WORK INSTRUCTION: The entries are to be returned exactly, with images left out.
THE DATA below:
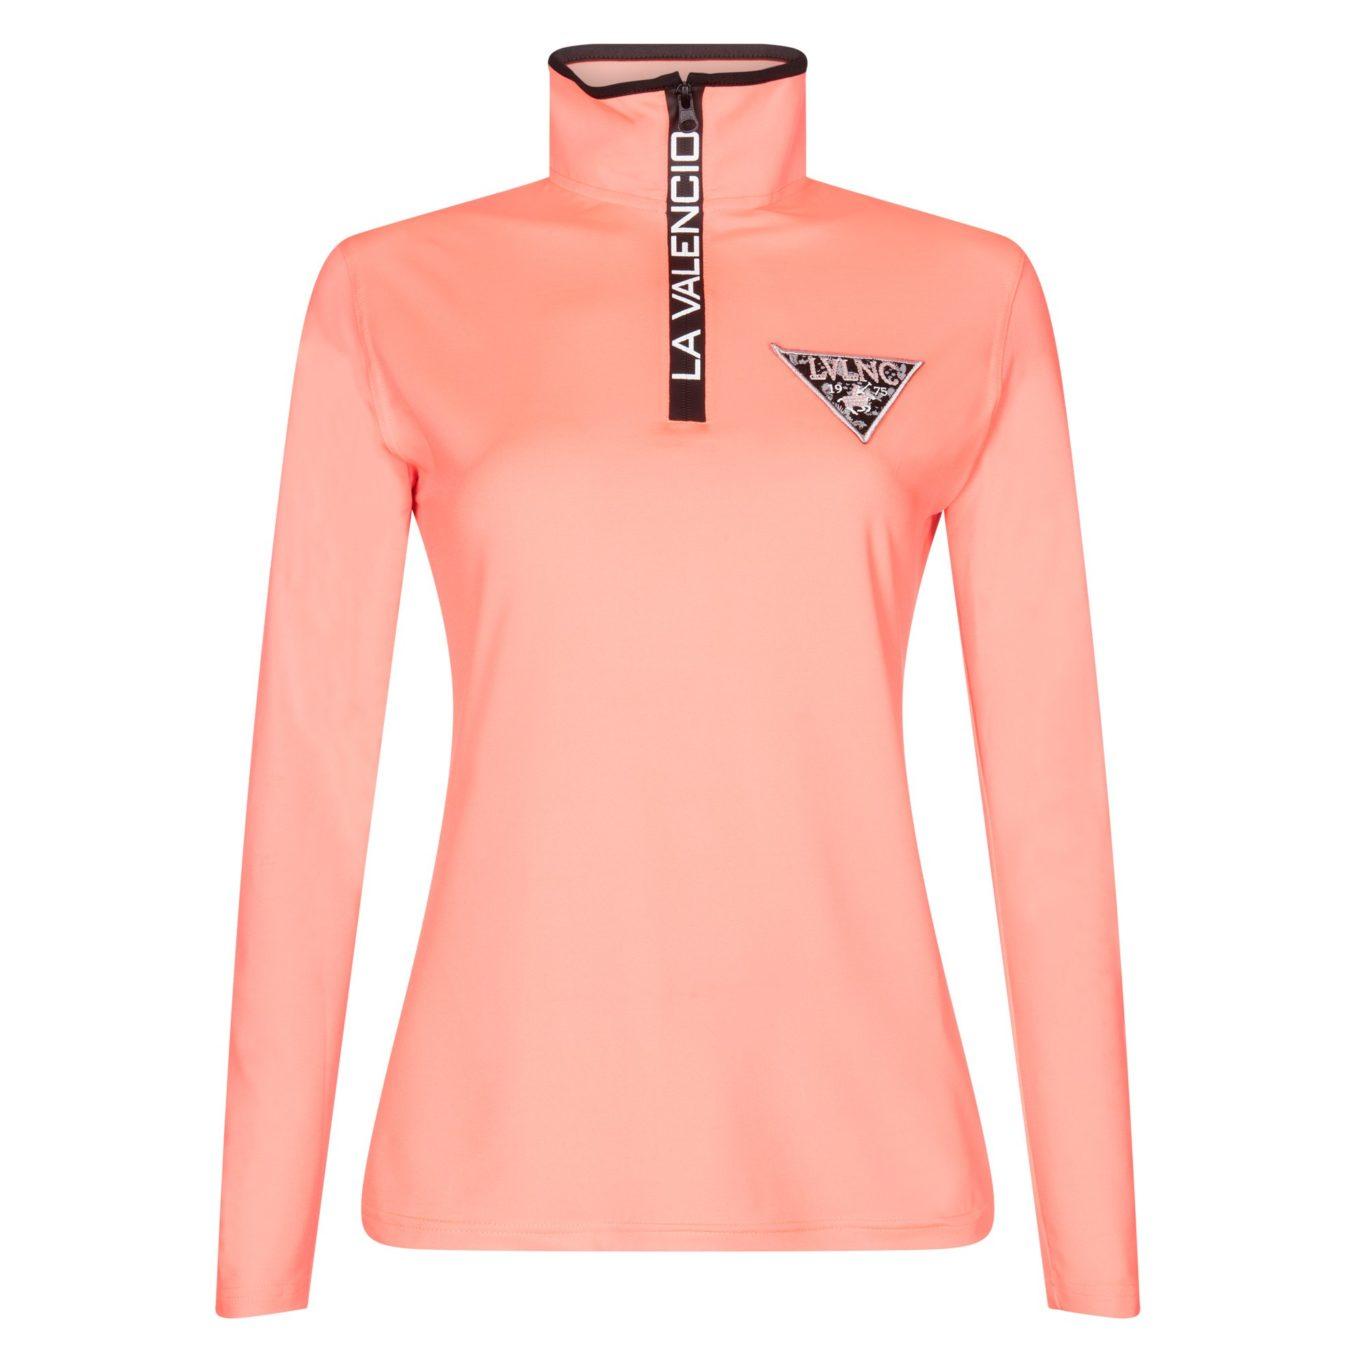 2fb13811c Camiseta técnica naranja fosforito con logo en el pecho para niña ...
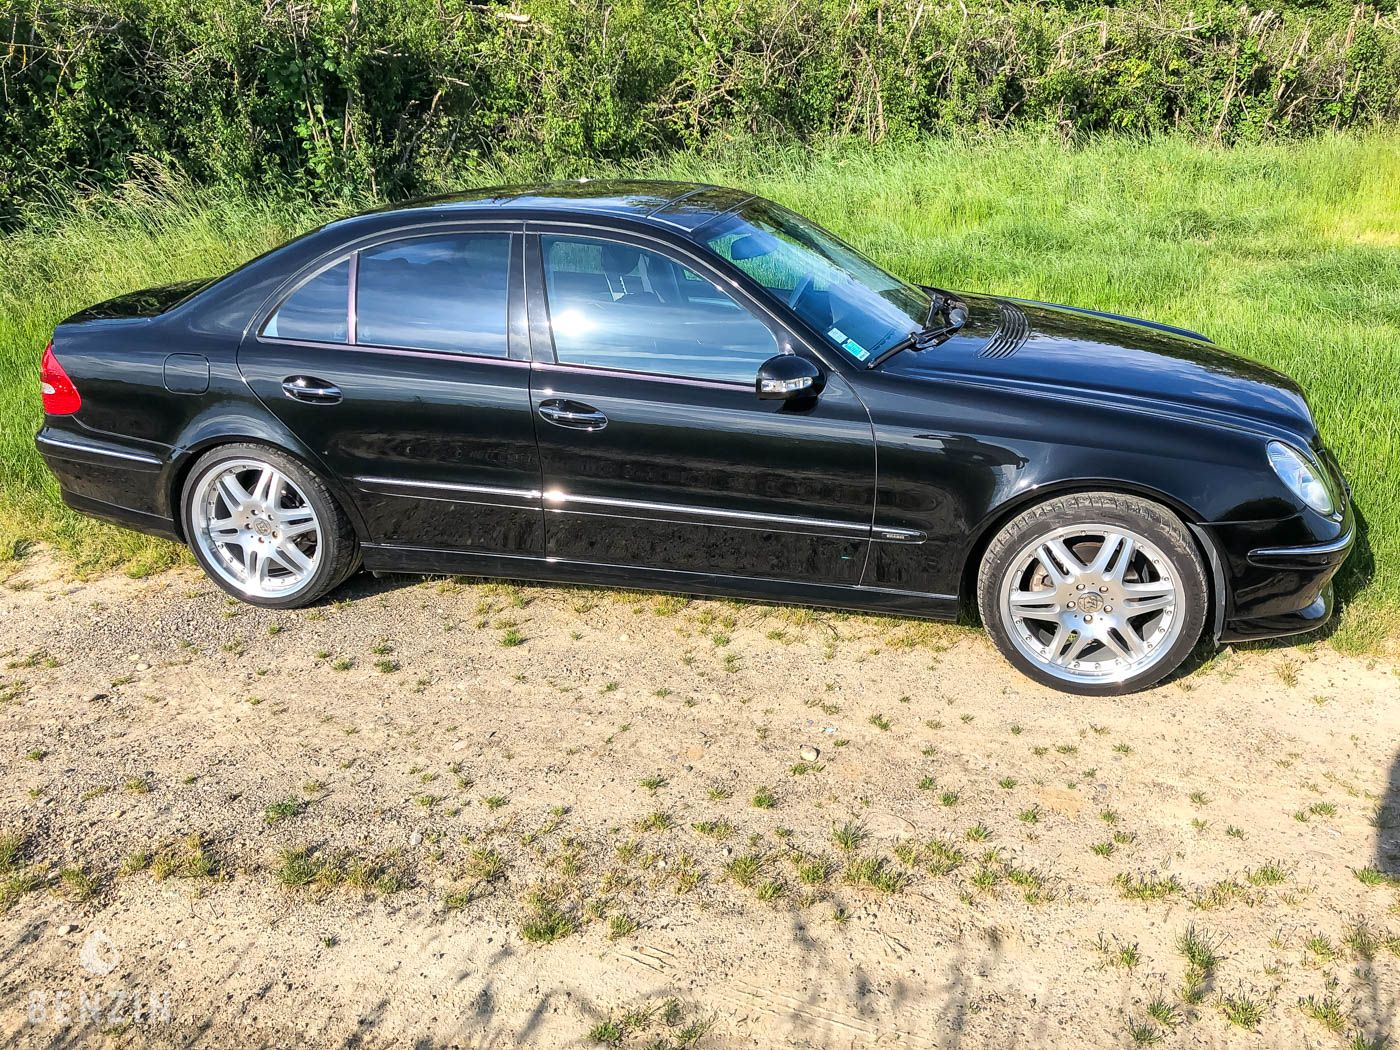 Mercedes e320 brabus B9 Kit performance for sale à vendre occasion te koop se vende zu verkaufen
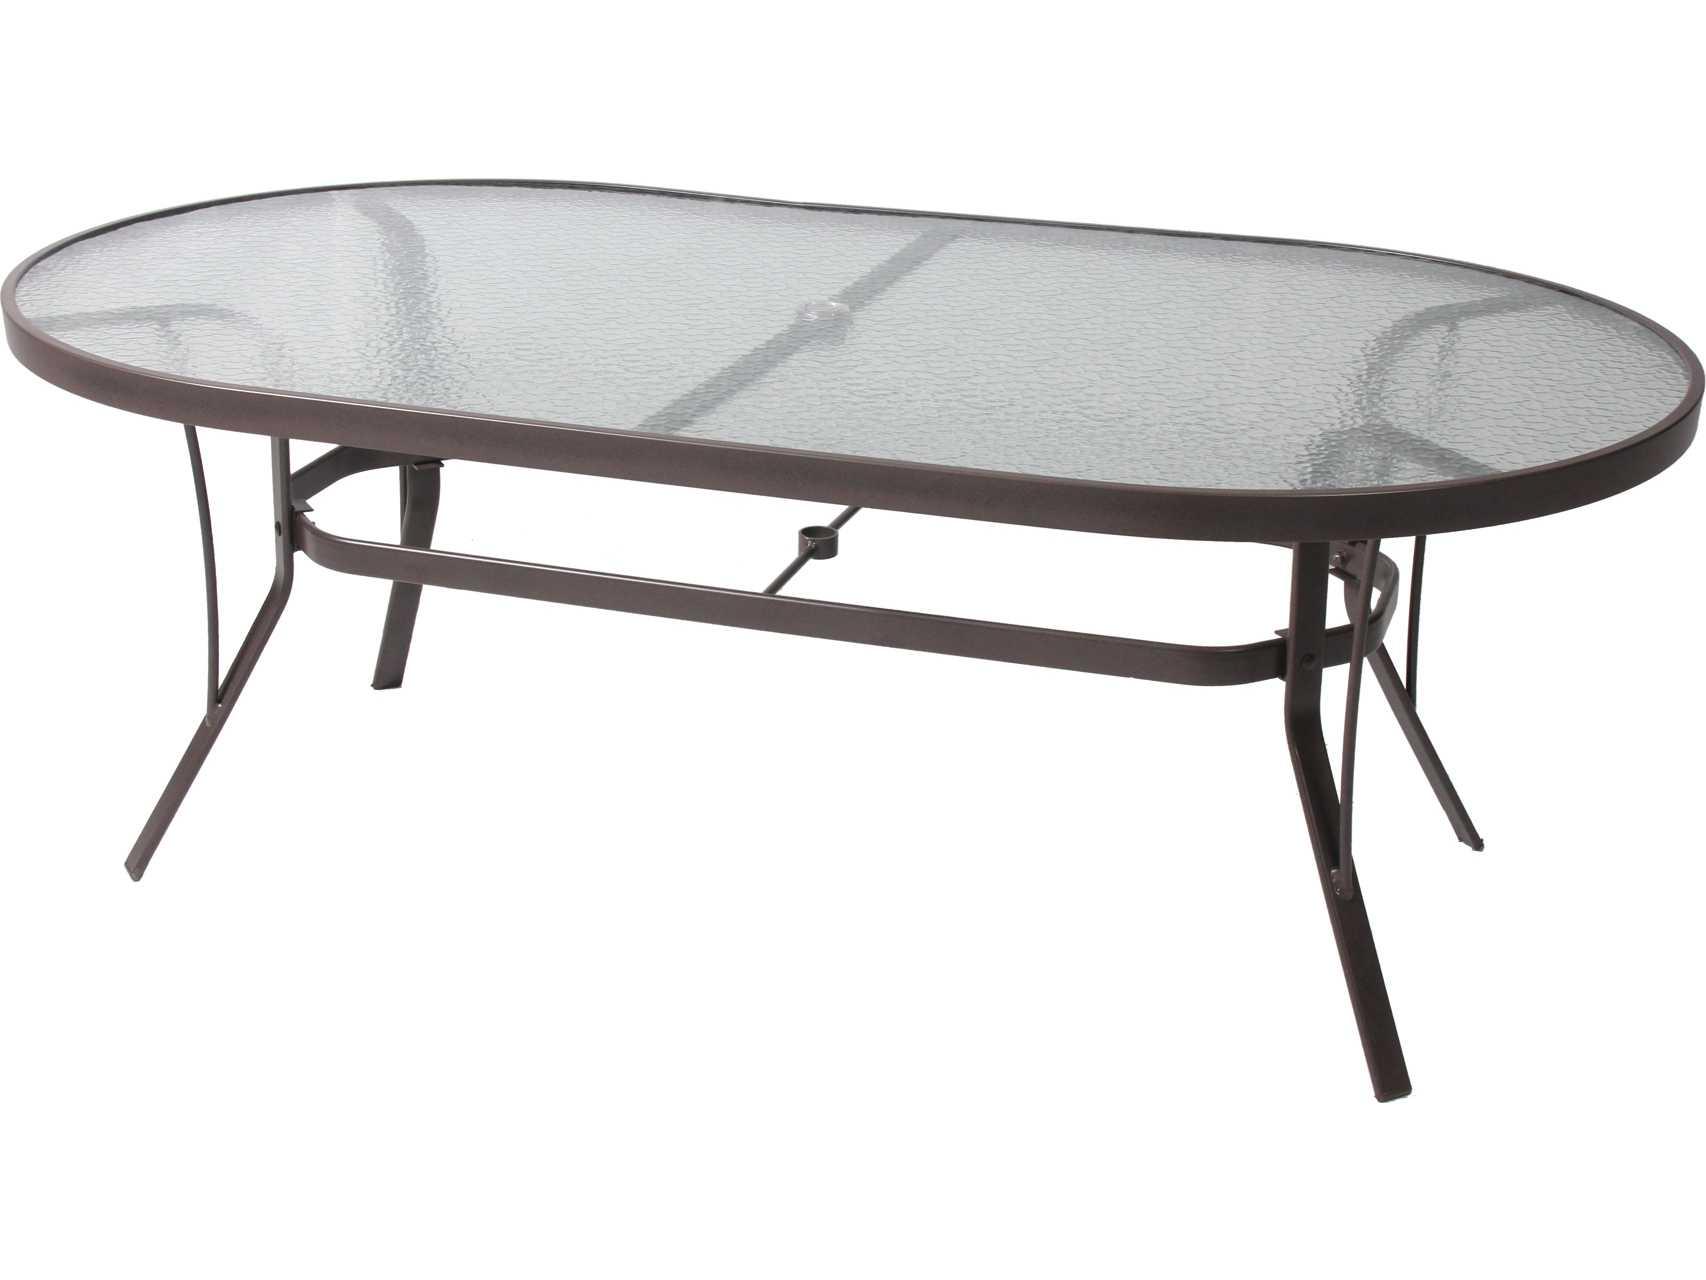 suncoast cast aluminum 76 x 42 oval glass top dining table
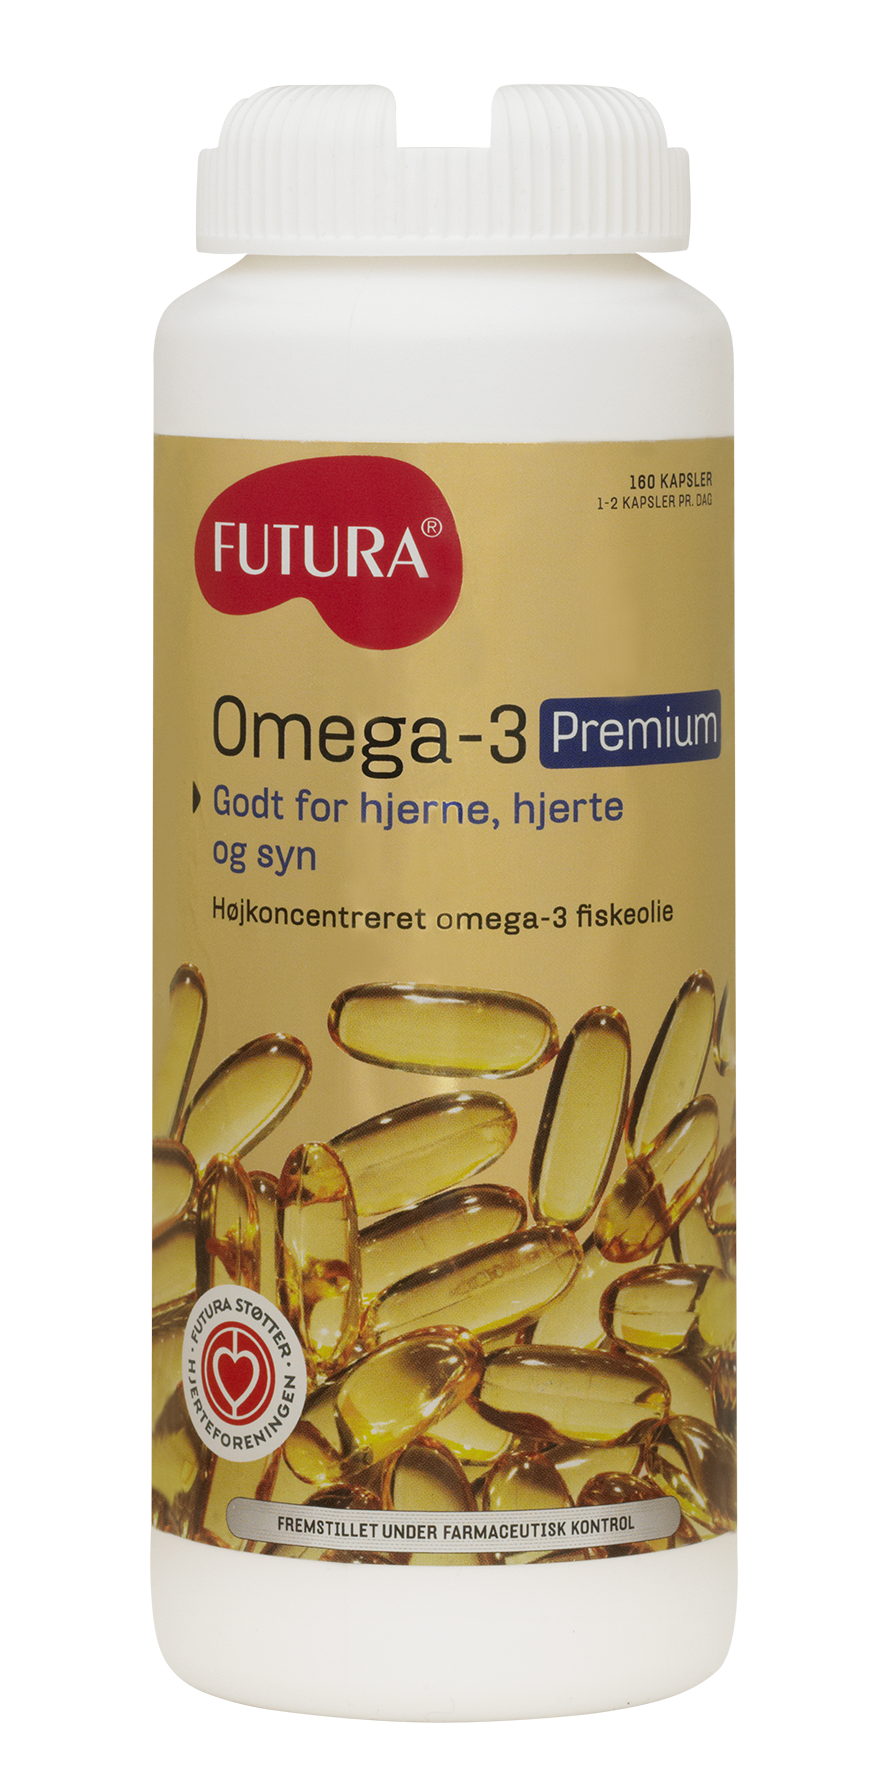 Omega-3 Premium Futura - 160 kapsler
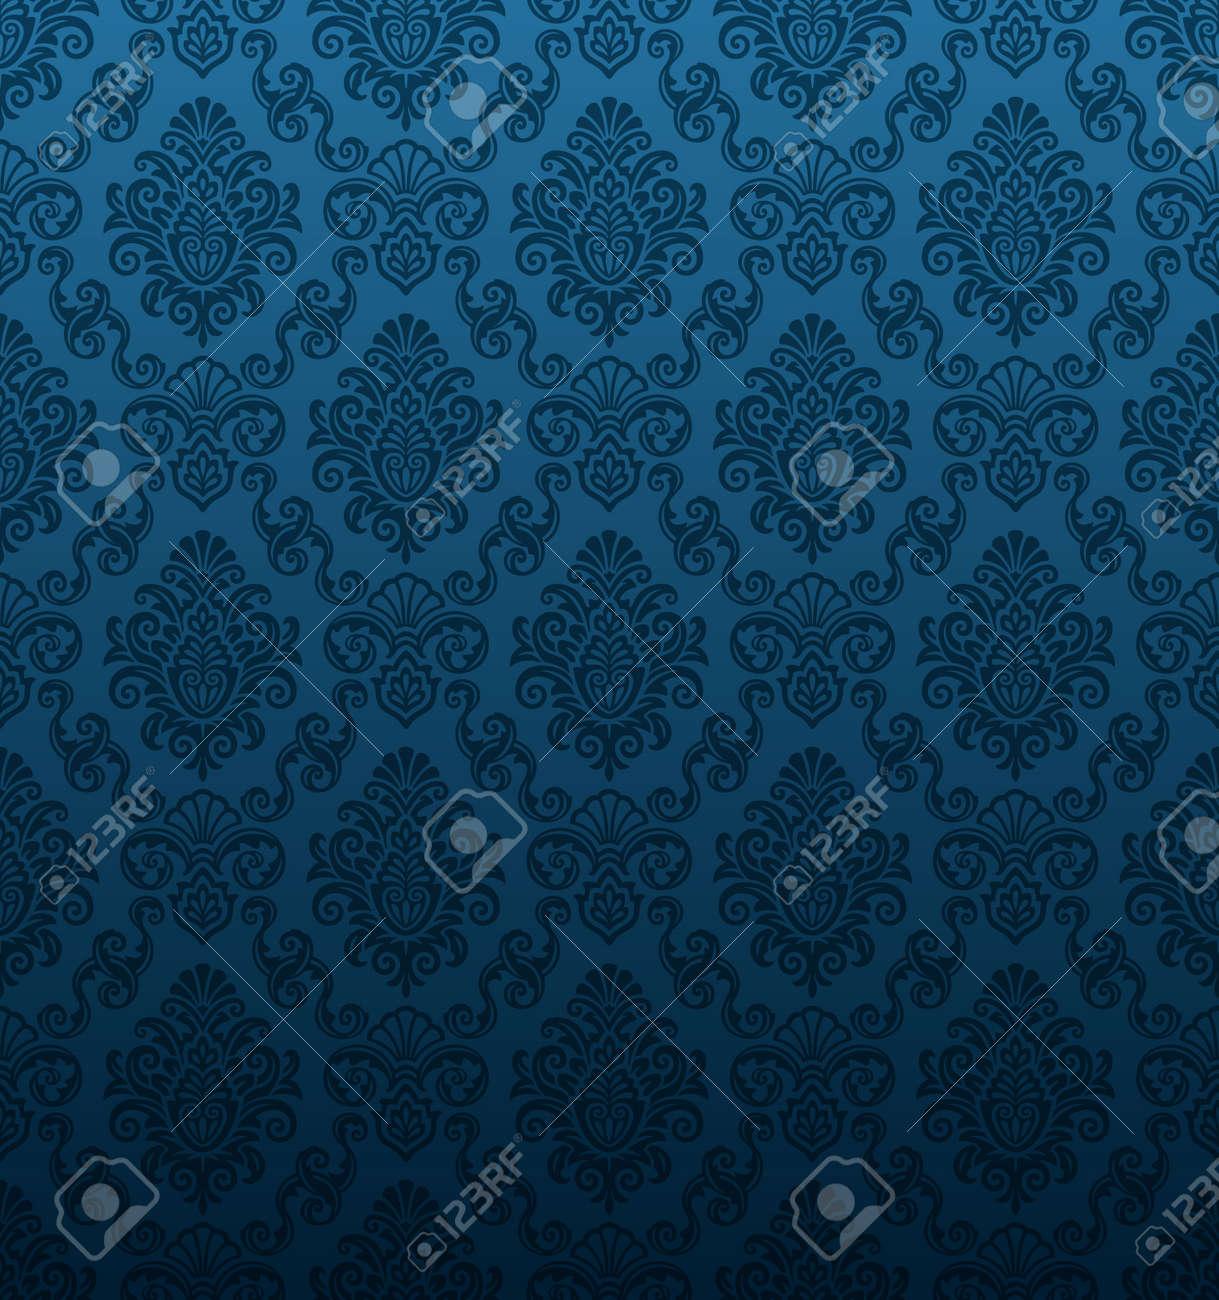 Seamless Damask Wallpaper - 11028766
End of THE DATA.
ANSWER BOX:
 2fb13811c Camiseta técnica naranja fosforito con logo en el pecho para niña ...
 Mercedes e320 brabus B9 Kit performance for sale à vendre occasion te koop se vende zu verkaufen
 suncoast cast aluminum 76 x 42 oval glass top dining table
 Omega-3 Premium Futura - 160 kapsler
 Seamless Damask Wallpaper - 11028766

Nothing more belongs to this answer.